Their series on the Harmonic Analyser was especially interesting.

[https://www.youtube.com/playlist?list=PL0INsTTU1k2UYO9Mck-i5...](https://www.youtube.com/playlist?list=PL0INsTTU1k2UYO9Mck-i5HNqGNW5AeEwq)

------
scoj
That is definitely some neat engineering and manufacturing. The downside is
how much landfill waste is created.

It's also interesting how we've been using the same principles with cloth
diapers for a long time using cotton, fleece, wool, bamboo, and plastic
covers.

------
Feneric
The NEARTA site has a lot of interesting info on disposable diapers vs.
reusable ones.
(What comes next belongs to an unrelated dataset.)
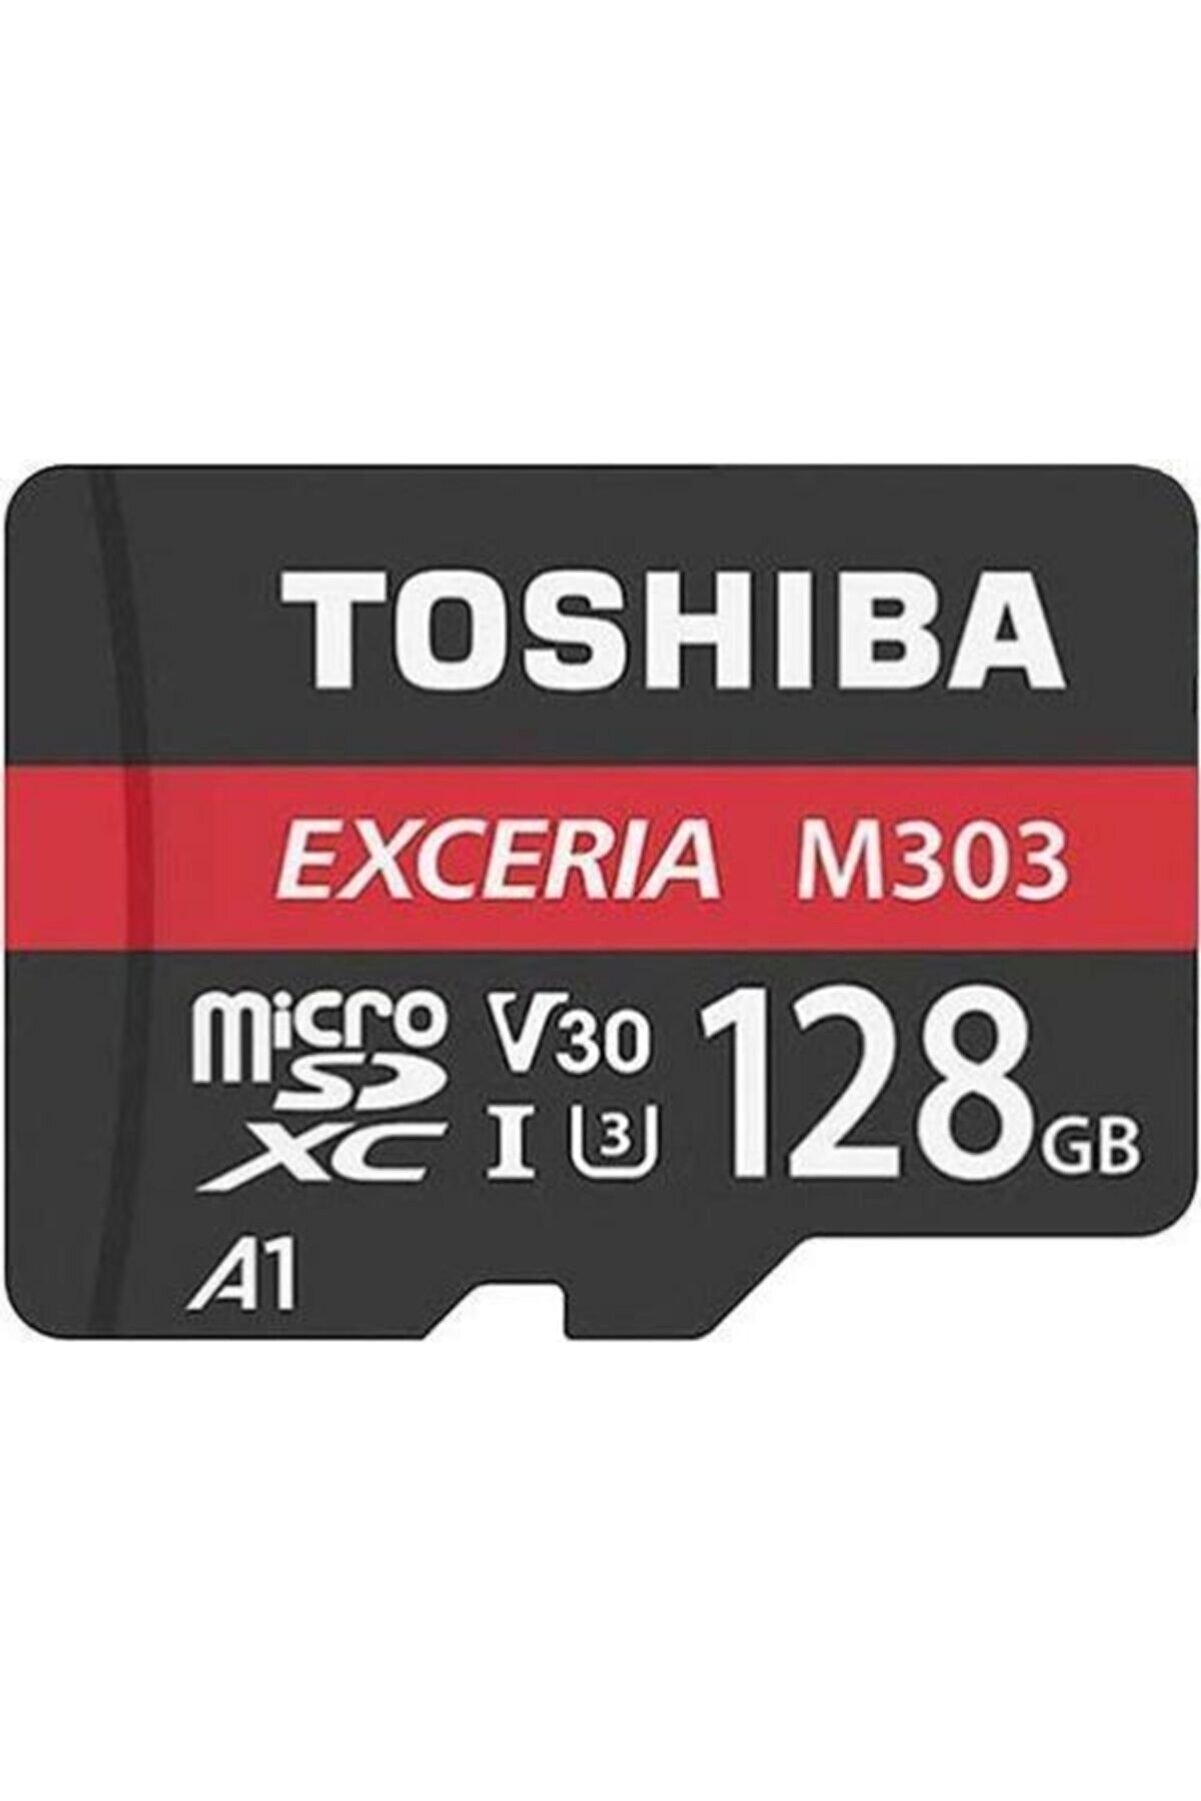 Toshiba 128gb Exceria Micro Sdxc Uhs1 U3 98/65mb Hafıza Kartı Thn-m303r1280e2

If you're of a technical mind start off with the analysis of
SW-152c:
[https://www.nearta.com/Papers/SW152cAnalysis.pdf](https://www.nearta.com/Papers/SW152cAnalysis.pdf)
but then look at the cost comparison:
[https://www.nearta.com/Papers/DiaperCostComparison.pdf](https://www.nearta.com/Papers/DiaperCostComparison.pdf)
and the review on the (surprising) impact to municipal governments:
[https://www.nearta.com/Papers/GovernmentDiapers.pdf](https://www.nearta.com/Papers/GovernmentDiapers.pdf)
You're probably not aware of it, but there's a good chance you're subsidizing
your neighbor's disposable diapers.

------
lordnacho
I always wondered why I'd occasionally see blue crystals. Turns out they're
mostly water.

It's a magnificent thing, the disposable diaper. My second kid is six months,
using a good few each day. And it somehow costs barely anything. Much easier
than washing cloths or whatever people did before.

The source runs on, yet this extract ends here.